Transcribe the entries exactly; images are not part of the copy.

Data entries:
--------------------------------
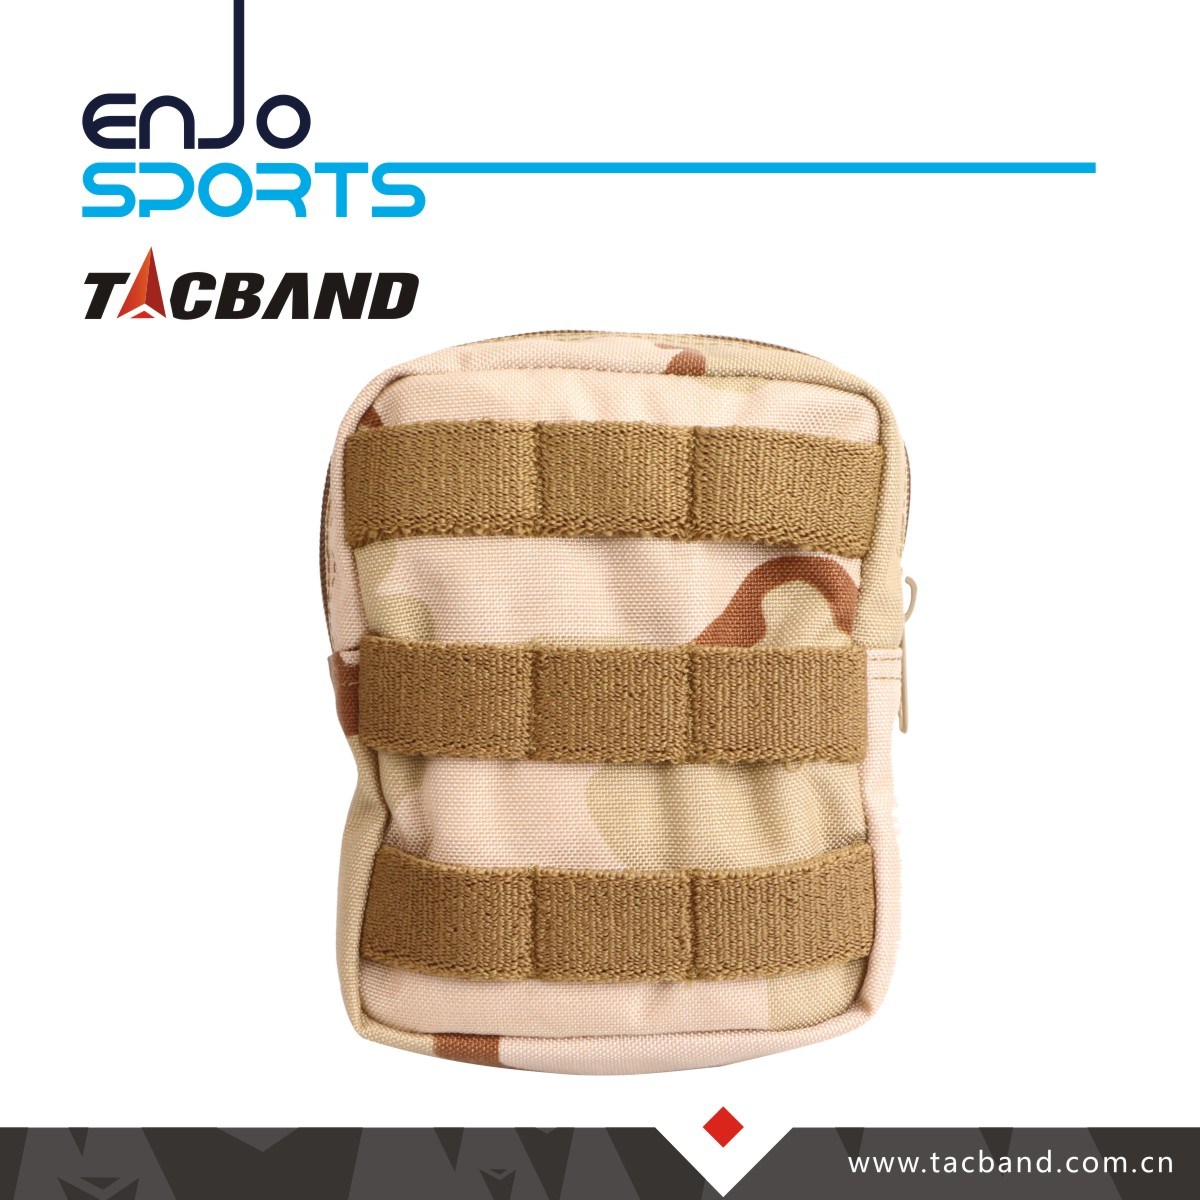 Tactical First Aid Medical Emergency Oxford Bag for outdoor Sport
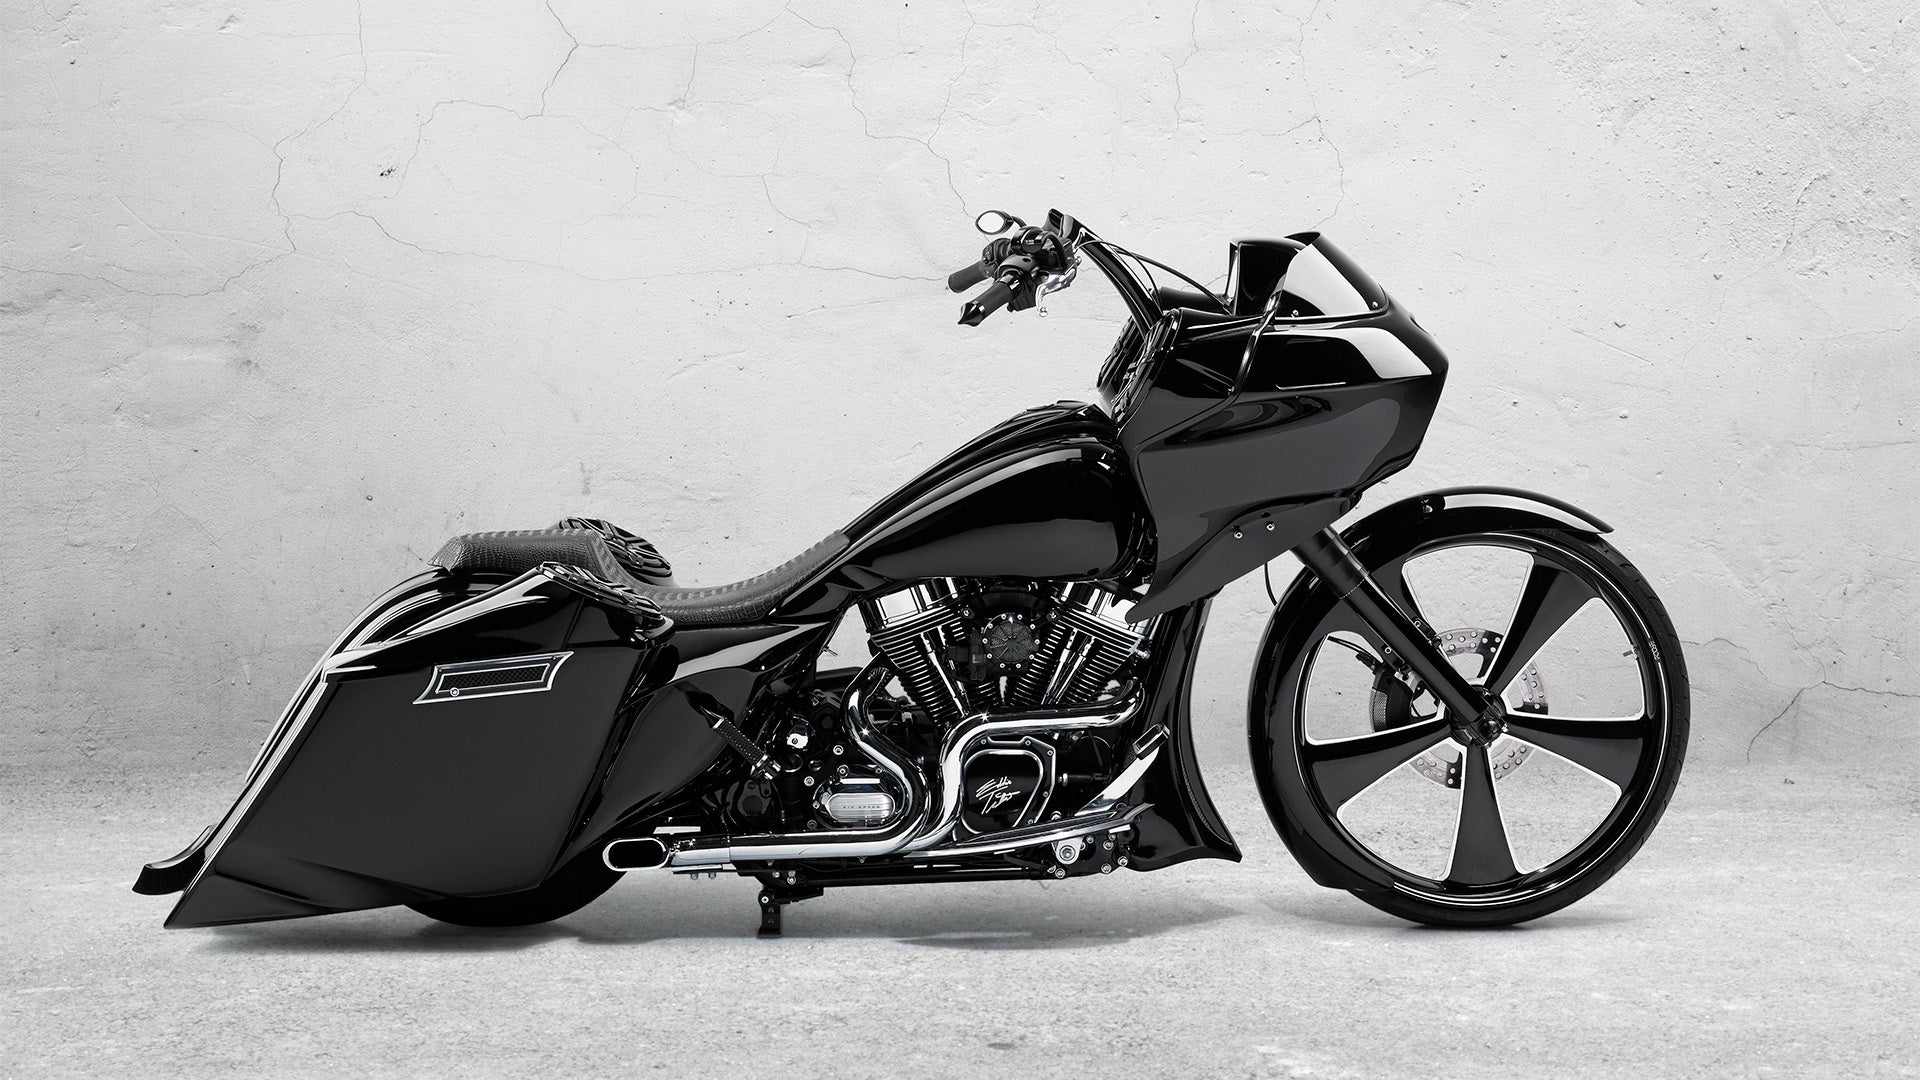 A black motorcycle side profile view.
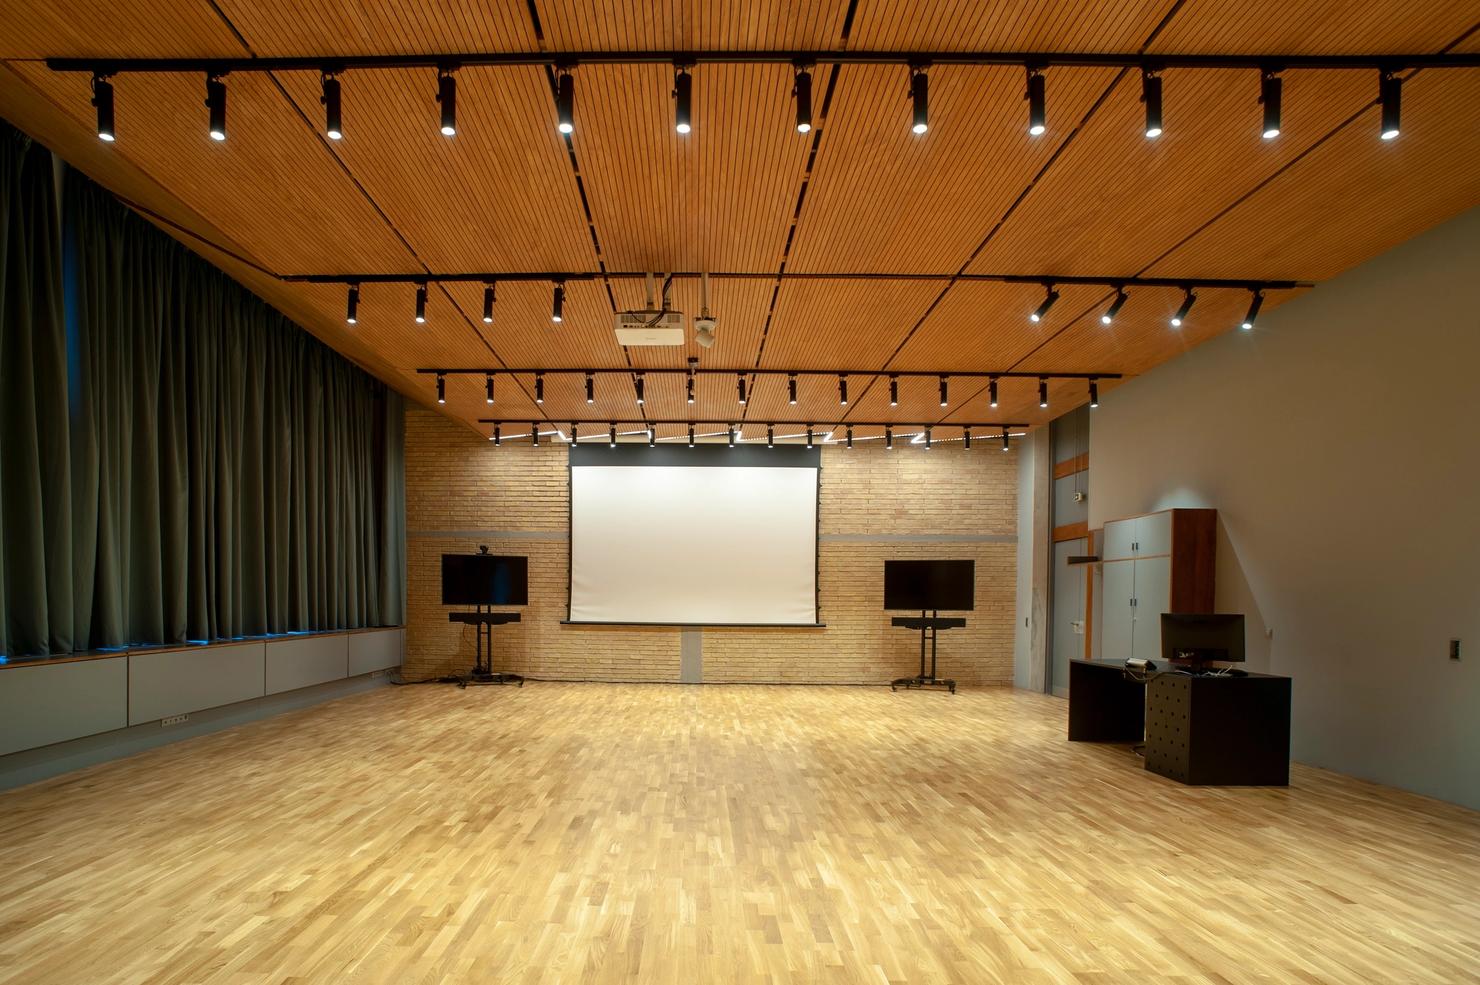 The distance learning studio is a room within the Athens Conservatoire building with wooden flooring and ceiling. On a brick wall there are two monitors between a blank projection screen. To the left, there is a desk with a computer next to a standing cabinet.
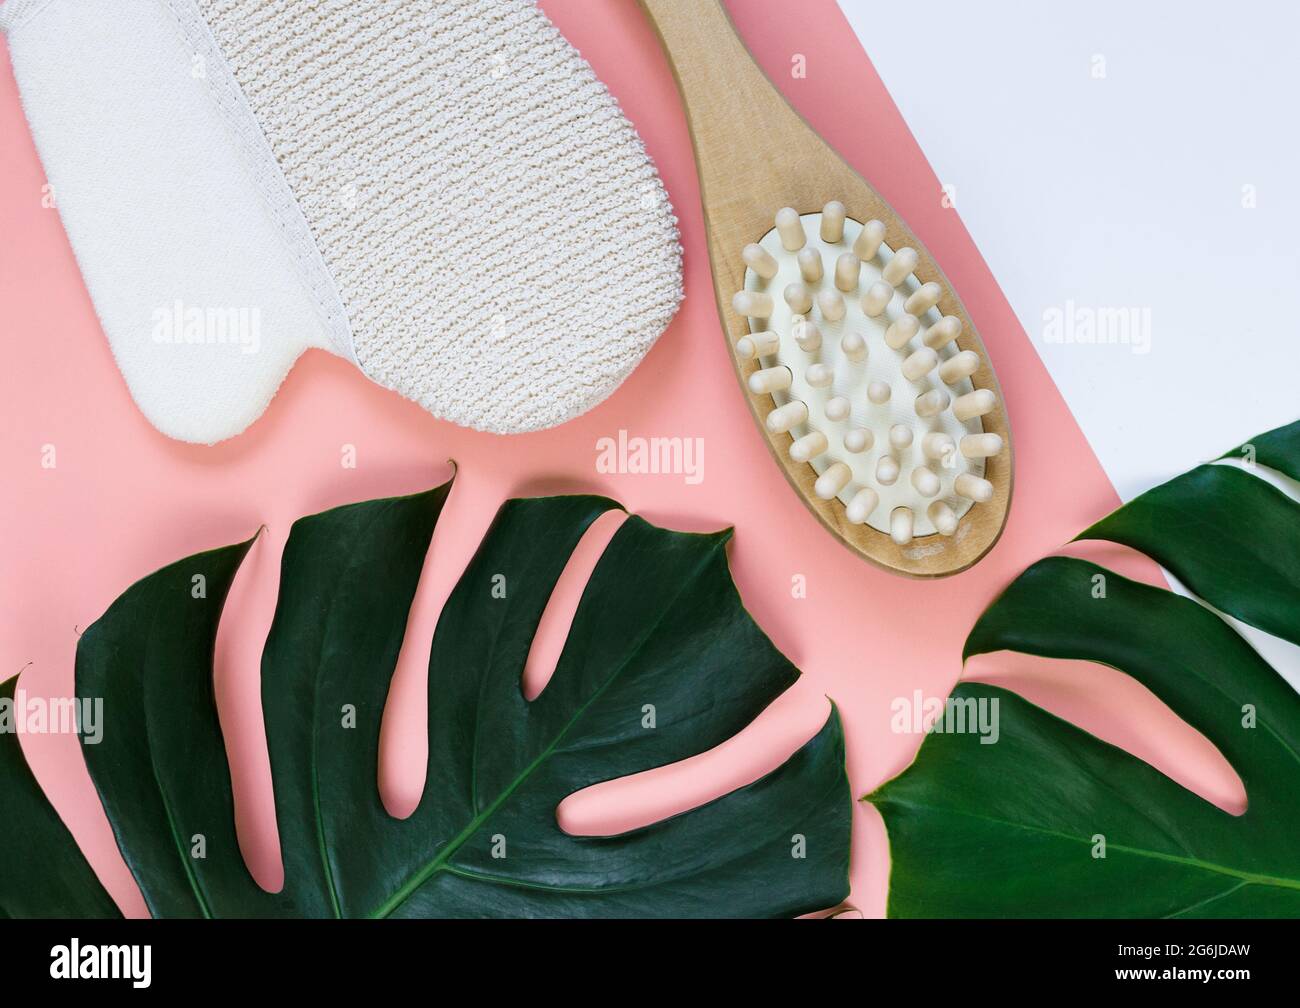 Spa cosmetics background with a massage brush, green monstera palm leaves. Body, face, skin care, anticellulite concept. Stock Photo
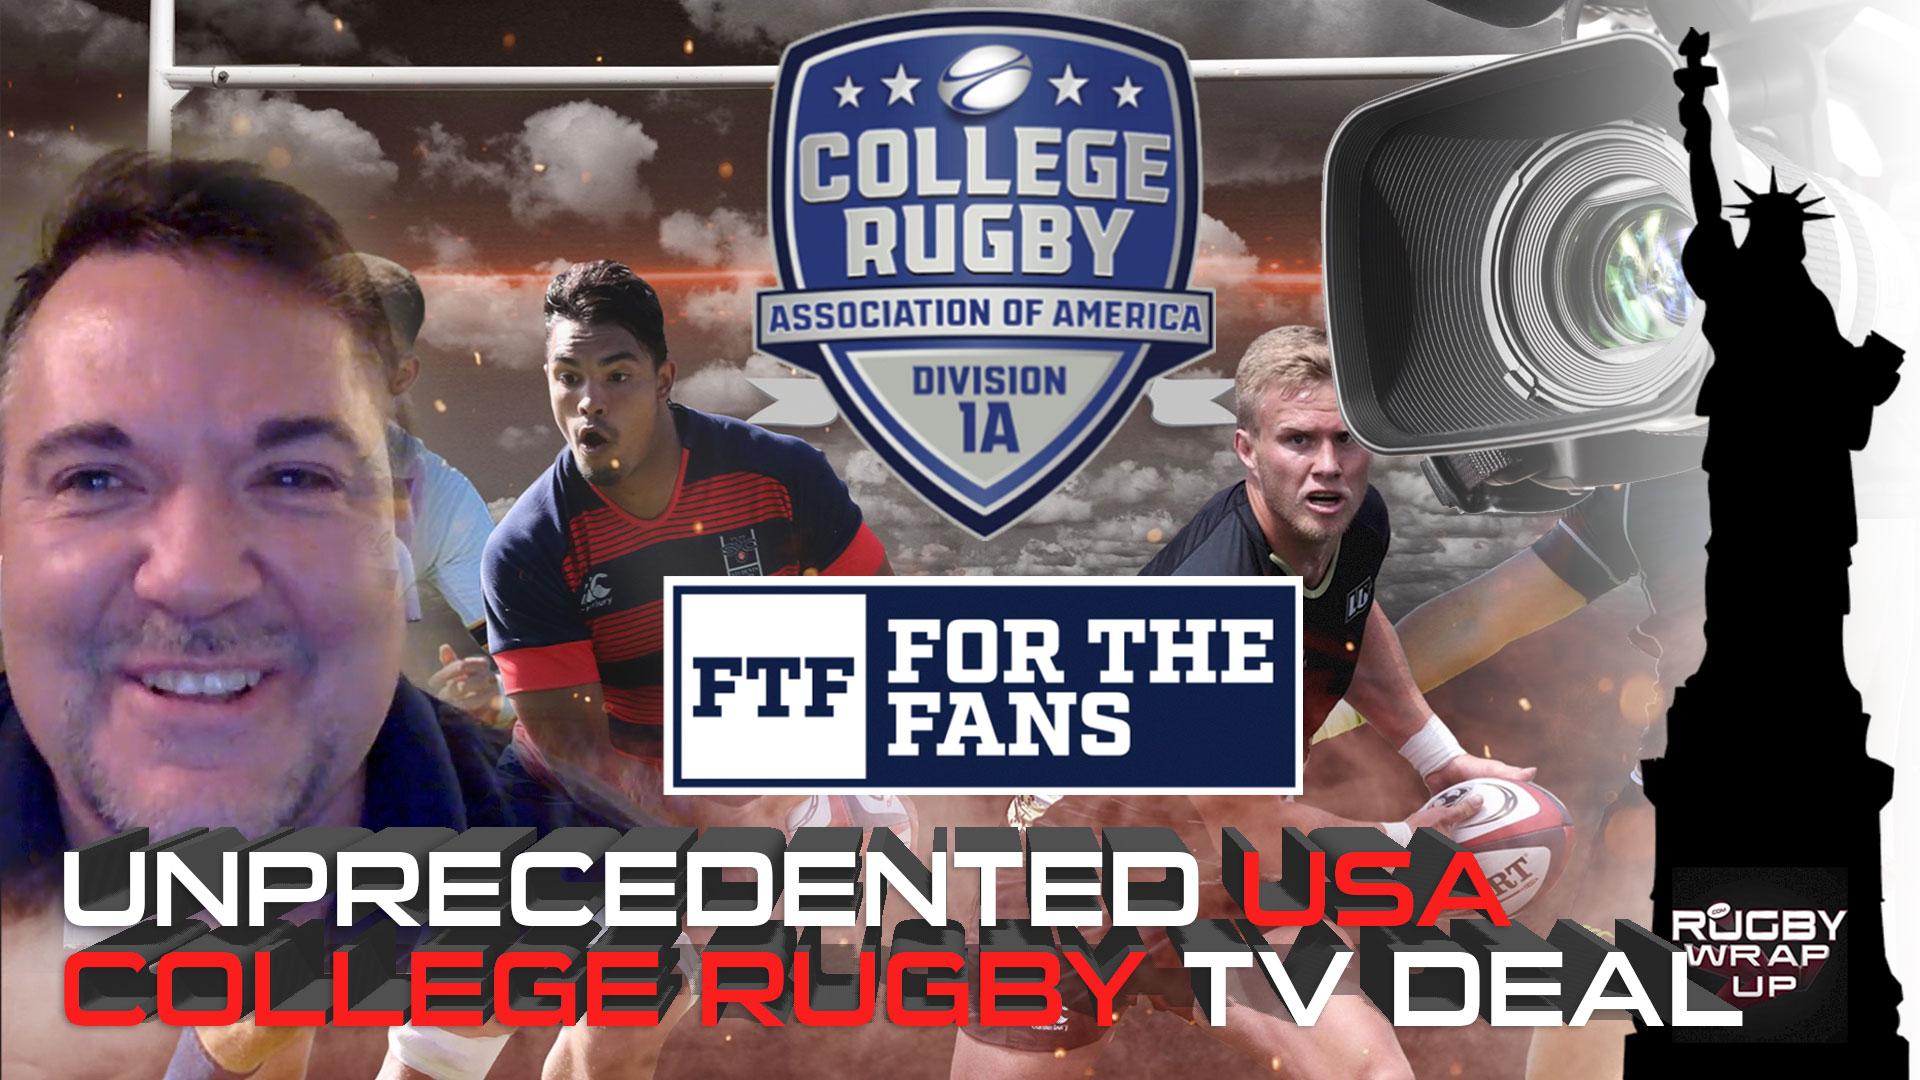 Paul Keeler re D1A Rugby TV Deal, Steve Lewis re USA Rugby Crisis, Storied #NY7s Recap, #Dubai7s
--------------------------------
> **WRITTEN ANSWER**
 Tactical First Aid Medical Emergency Oxford Bag for outdoor Sport
 A black motorcycle side profile view.
 The distance learning studio is a room within the Athens Conservatoire building with wooden flooring and ceiling. On a brick wall there are two monitors between a blank projection screen. To the left, there is a desk with a computer next to a standing cabinet.
 Spa cosmetics background with a massage brush, green monstera palm leaves. Body, face, skin care, anticellulite concept. Stock Photo
 Paul Keeler re D1A Rugby TV Deal, Steve Lewis re USA Rugby Crisis, Storied #NY7s Recap, #Dubai7s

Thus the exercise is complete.